PROBLEM TO SOLVE> A line below contains "Tuổi trẻ Bắc", and a later one contains "wallpapernarium: Tres bolas". Repeat both, with every line between them, exactly.

DATASET RECORDS>
== Segment start ==

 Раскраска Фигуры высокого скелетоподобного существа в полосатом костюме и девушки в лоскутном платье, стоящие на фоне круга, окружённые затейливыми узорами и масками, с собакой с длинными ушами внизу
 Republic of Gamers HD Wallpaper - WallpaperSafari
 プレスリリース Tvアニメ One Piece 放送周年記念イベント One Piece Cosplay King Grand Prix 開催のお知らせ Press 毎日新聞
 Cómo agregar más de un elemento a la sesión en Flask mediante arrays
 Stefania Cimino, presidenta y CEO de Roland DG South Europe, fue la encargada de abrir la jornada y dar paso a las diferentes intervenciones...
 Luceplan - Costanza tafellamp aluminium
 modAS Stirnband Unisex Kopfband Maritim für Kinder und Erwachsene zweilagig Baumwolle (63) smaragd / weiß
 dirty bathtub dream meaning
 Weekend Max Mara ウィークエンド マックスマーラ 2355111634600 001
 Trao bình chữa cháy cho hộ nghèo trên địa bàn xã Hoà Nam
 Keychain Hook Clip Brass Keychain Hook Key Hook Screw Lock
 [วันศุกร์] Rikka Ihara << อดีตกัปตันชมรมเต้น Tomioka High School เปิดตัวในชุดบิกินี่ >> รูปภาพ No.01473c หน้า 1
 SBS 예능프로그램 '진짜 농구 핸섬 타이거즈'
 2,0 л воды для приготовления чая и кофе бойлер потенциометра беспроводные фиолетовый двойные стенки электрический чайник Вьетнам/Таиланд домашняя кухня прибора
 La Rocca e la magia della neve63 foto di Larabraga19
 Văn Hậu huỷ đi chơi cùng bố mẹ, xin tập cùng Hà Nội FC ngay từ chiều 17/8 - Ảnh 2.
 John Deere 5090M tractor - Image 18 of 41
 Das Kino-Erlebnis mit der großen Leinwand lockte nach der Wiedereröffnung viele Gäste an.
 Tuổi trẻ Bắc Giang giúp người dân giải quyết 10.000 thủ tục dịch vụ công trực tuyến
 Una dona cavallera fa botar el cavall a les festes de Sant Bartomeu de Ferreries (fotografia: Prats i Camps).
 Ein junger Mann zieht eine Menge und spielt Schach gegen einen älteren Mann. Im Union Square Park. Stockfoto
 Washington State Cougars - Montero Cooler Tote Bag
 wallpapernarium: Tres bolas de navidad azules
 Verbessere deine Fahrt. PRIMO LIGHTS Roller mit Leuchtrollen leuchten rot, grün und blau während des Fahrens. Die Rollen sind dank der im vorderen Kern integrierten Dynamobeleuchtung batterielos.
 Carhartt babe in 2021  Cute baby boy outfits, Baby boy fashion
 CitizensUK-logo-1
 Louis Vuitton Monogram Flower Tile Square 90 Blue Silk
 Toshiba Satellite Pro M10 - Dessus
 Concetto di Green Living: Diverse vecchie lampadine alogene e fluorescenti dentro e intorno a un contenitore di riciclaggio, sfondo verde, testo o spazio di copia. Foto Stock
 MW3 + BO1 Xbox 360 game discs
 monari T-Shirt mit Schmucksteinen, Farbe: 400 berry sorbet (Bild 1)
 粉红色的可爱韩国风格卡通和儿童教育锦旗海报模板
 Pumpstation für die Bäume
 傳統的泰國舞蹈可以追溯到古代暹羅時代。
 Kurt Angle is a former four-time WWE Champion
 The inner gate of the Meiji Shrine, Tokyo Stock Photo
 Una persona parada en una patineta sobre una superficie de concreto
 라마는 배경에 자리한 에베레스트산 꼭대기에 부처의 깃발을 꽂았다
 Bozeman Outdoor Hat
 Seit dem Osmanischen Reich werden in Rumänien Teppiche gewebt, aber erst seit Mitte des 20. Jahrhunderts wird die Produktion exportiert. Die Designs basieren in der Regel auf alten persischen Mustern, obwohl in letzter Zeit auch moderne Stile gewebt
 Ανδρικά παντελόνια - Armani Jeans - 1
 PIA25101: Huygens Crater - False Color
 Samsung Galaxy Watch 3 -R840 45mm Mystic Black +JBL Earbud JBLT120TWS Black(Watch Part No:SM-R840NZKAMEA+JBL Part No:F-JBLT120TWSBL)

== Segment end ==

WRITTEN REPLY>
 Tuổi trẻ Bắc Giang giúp người dân giải quyết 10.000 thủ tục dịch vụ công trực tuyến
 Una dona cavallera fa botar el cavall a les festes de Sant Bartomeu de Ferreries (fotografia: Prats i Camps).
 Ein junger Mann zieht eine Menge und spielt Schach gegen einen älteren Mann. Im Union Square Park. Stockfoto
 Washington State Cougars - Montero Cooler Tote Bag
 wallpapernarium: Tres bolas de navidad azules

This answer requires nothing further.